=== Recorded information ===
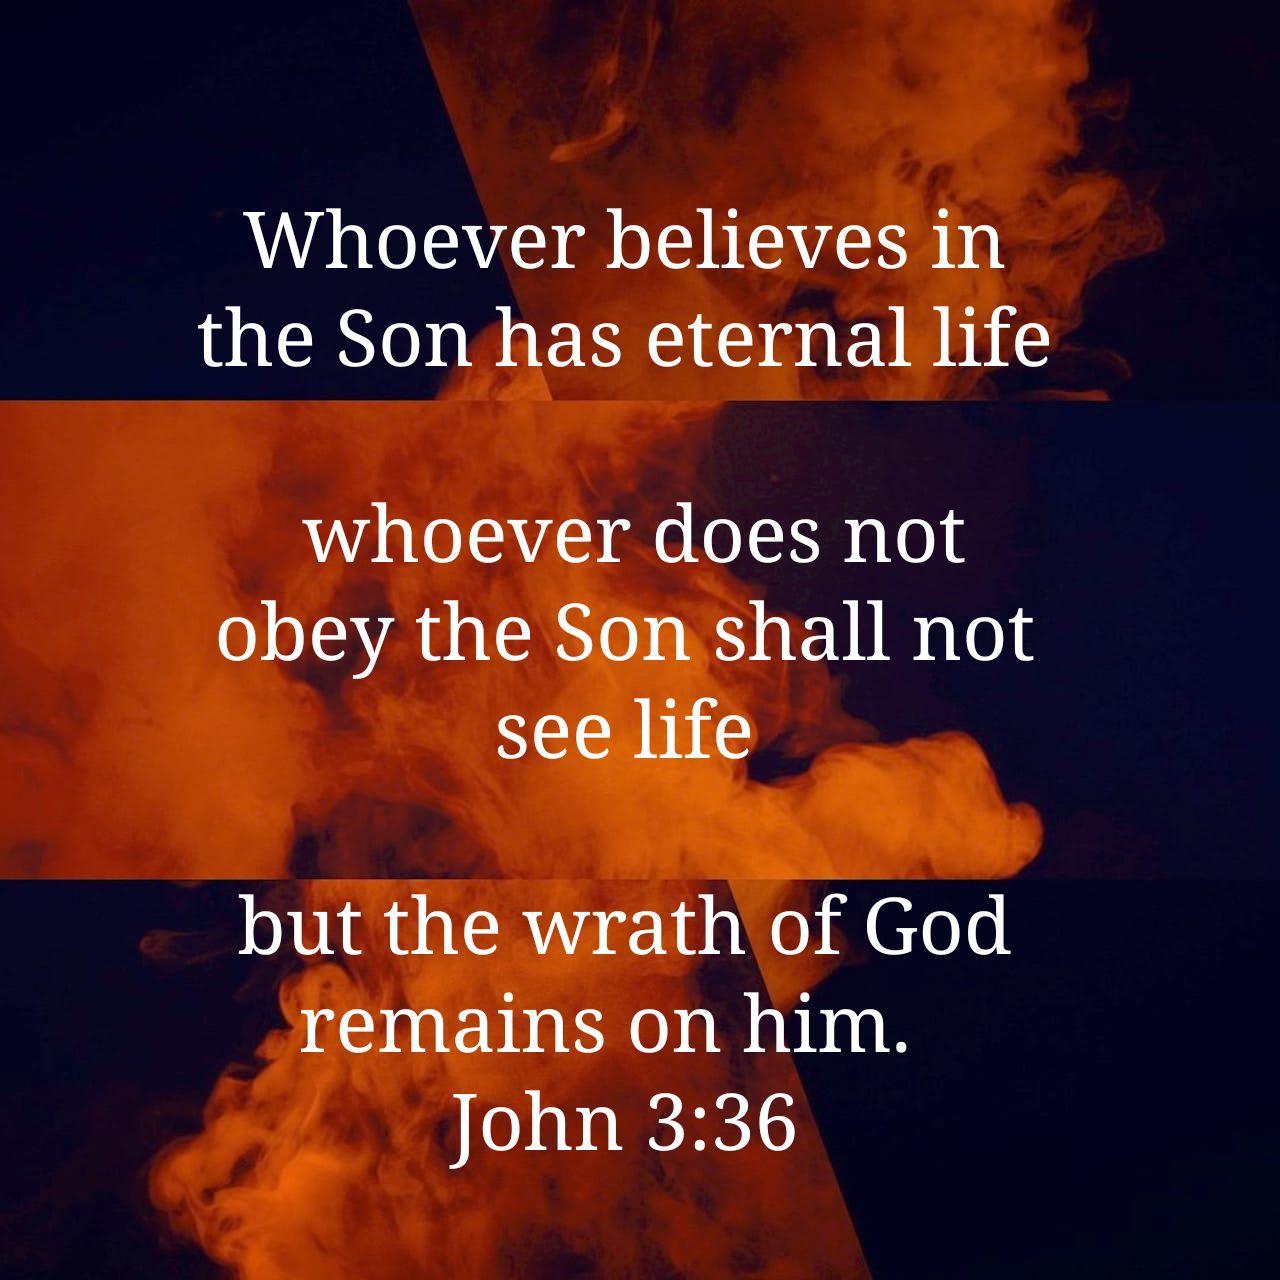 Daily Bible Reading: John 3:22-36
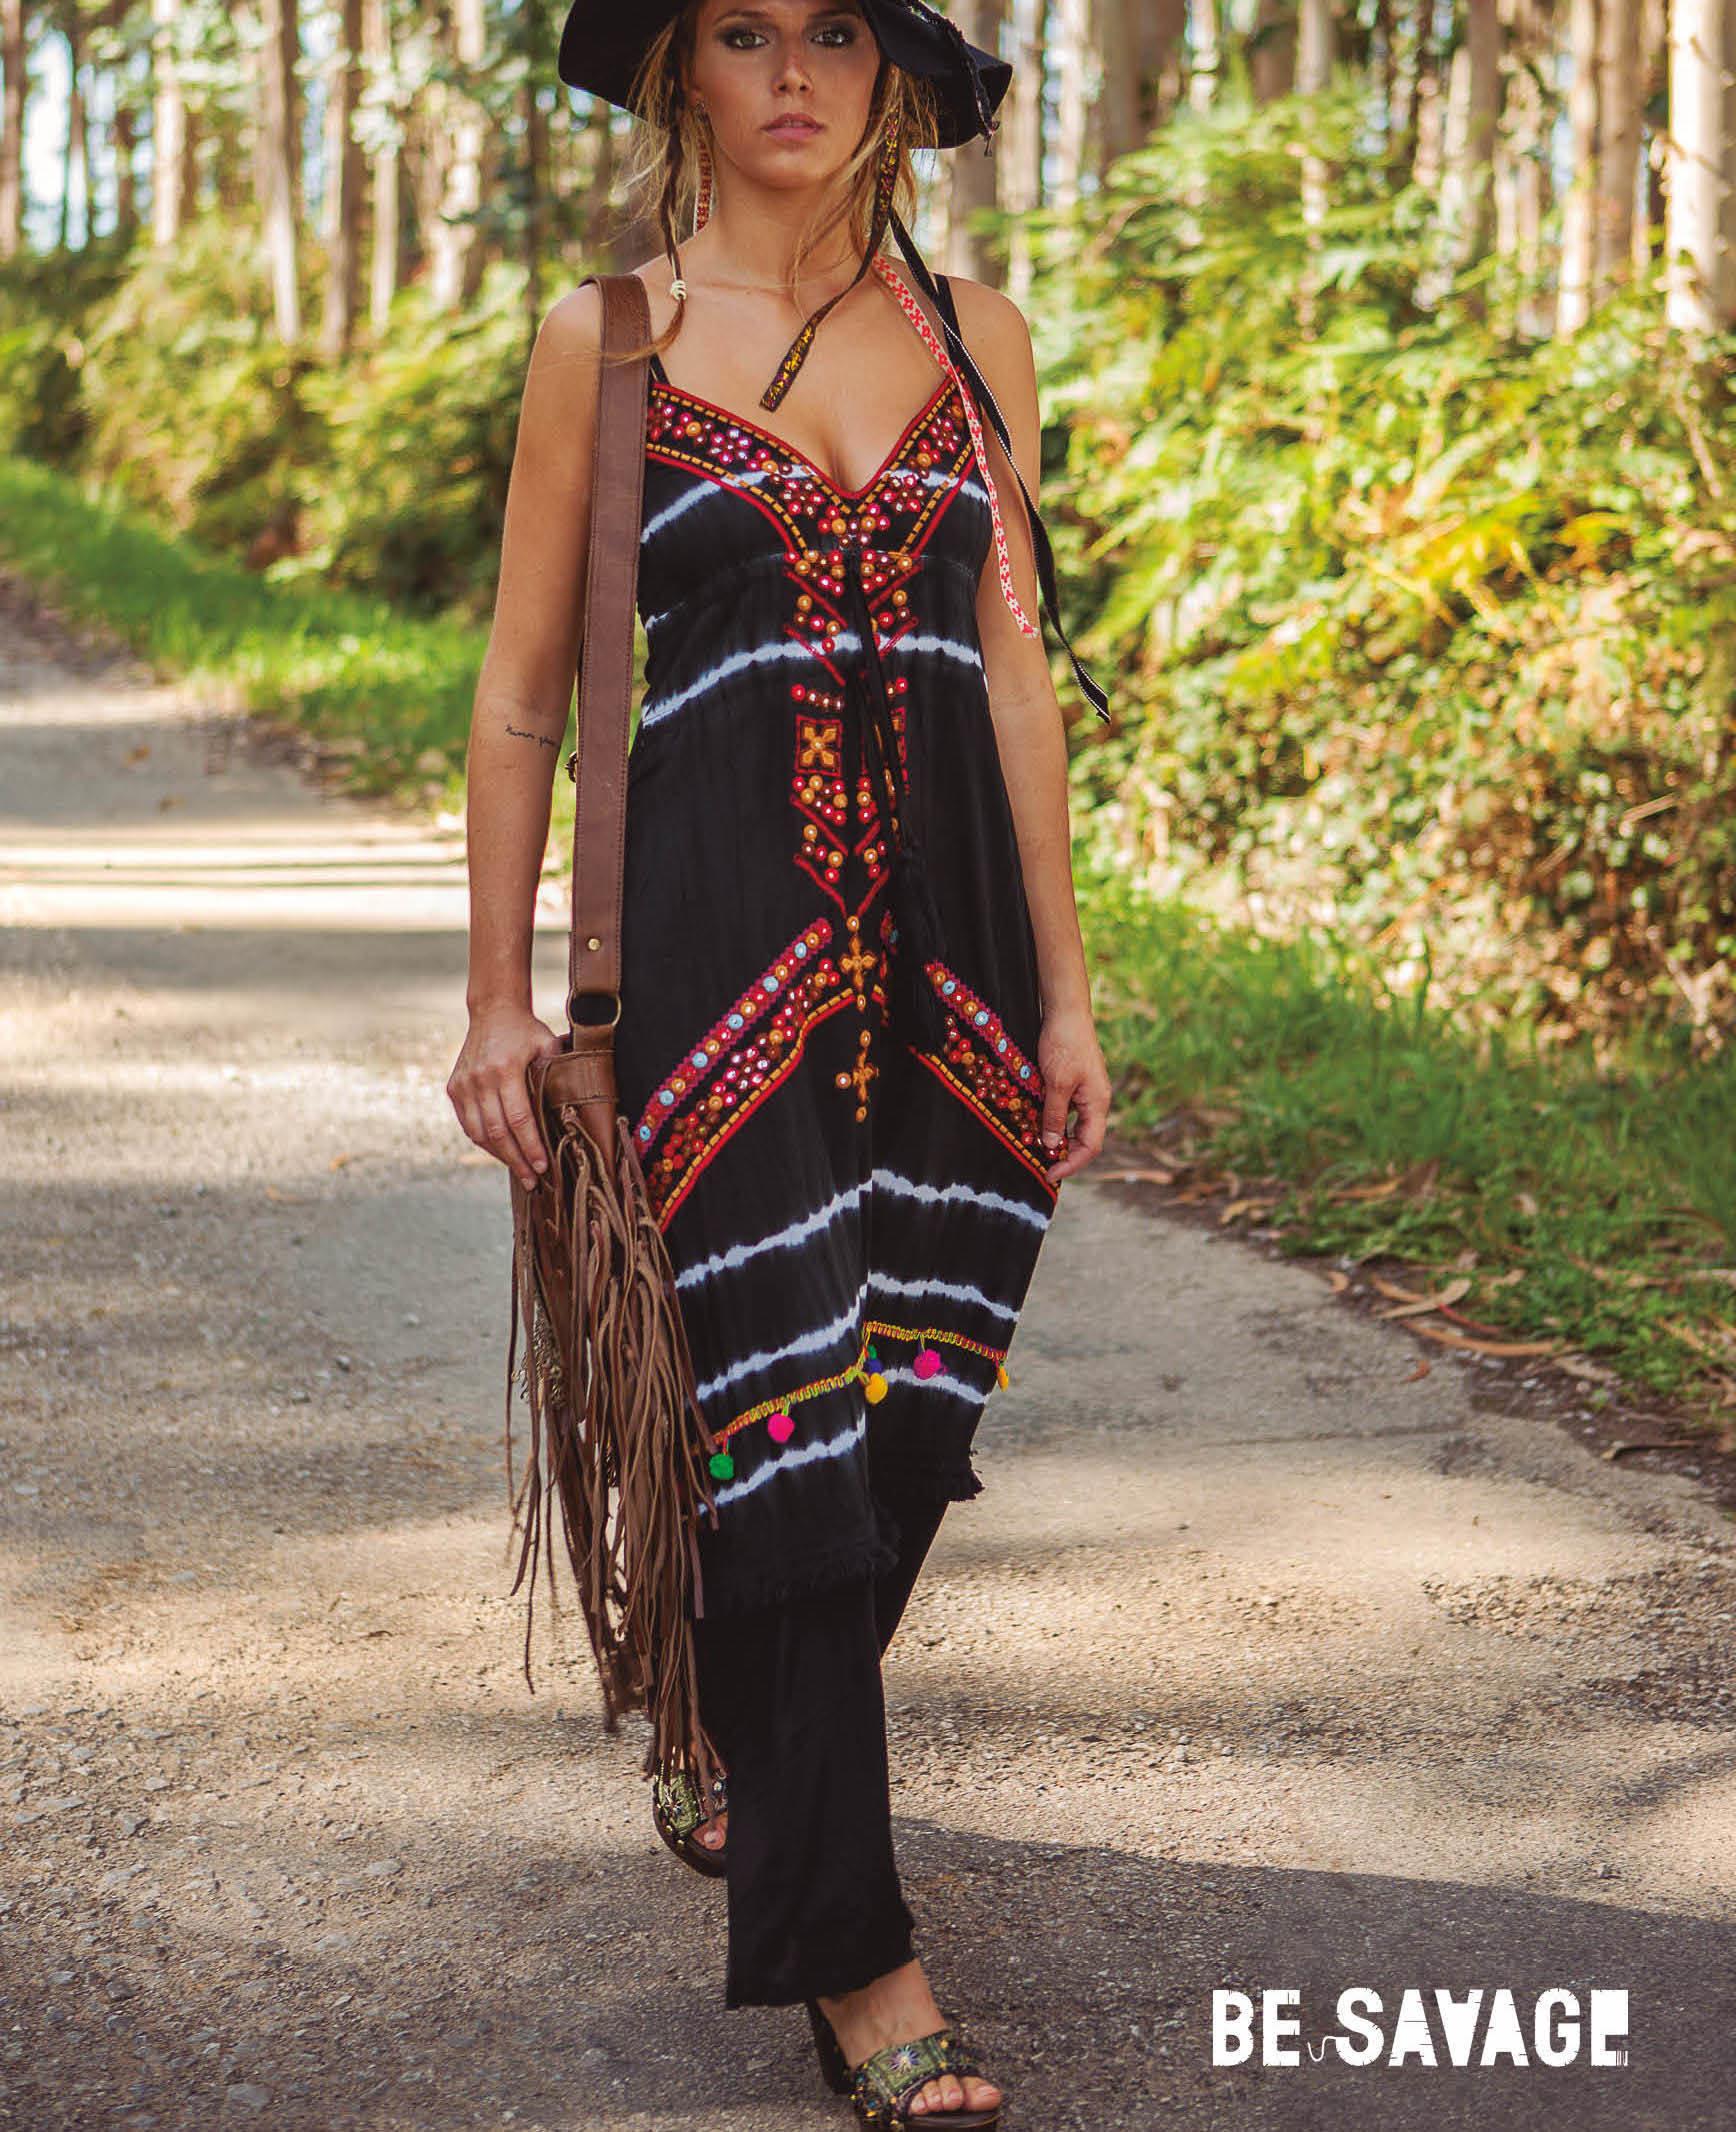 Savage Culture: Sweetheart Fringed Fit & Flare Maxi Dress Portofino II SAVAGE_34131
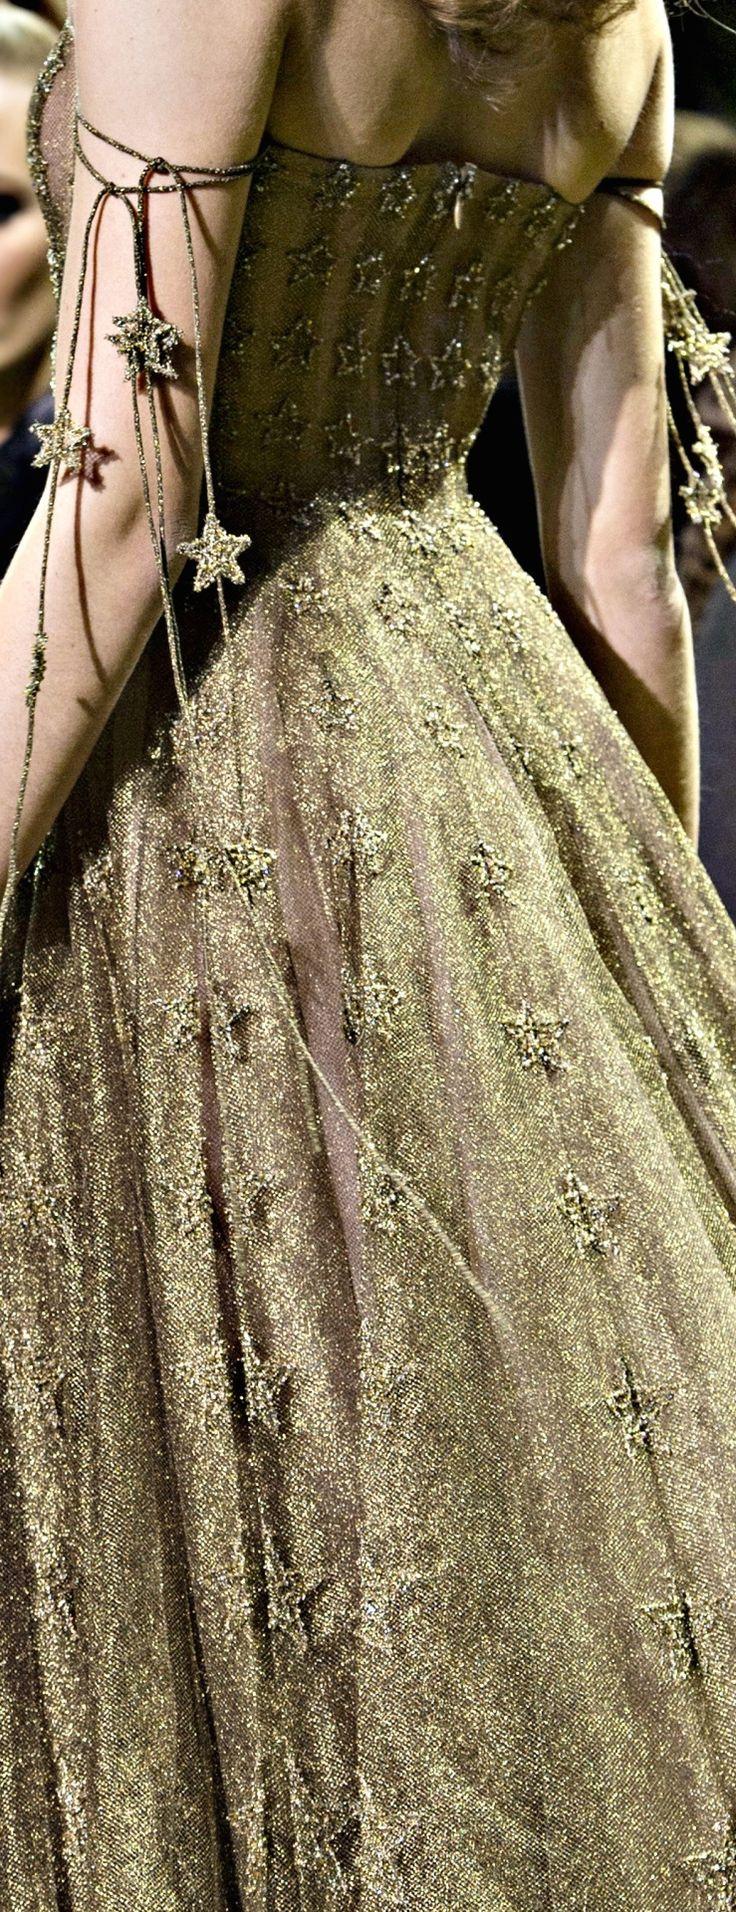 Dior Couture 2017 Crème de la Crème #Luxurydotcom

=== Problem description ===
Repeat the material above word for word and skip every image in it.

=== Task result ===
 Daily Bible Reading: John 3:22-36
 Savage Culture: Sweetheart Fringed Fit & Flare Maxi Dress Portofino II SAVAGE_34131
 Dior Couture 2017 Crème de la Crème #Luxurydotcom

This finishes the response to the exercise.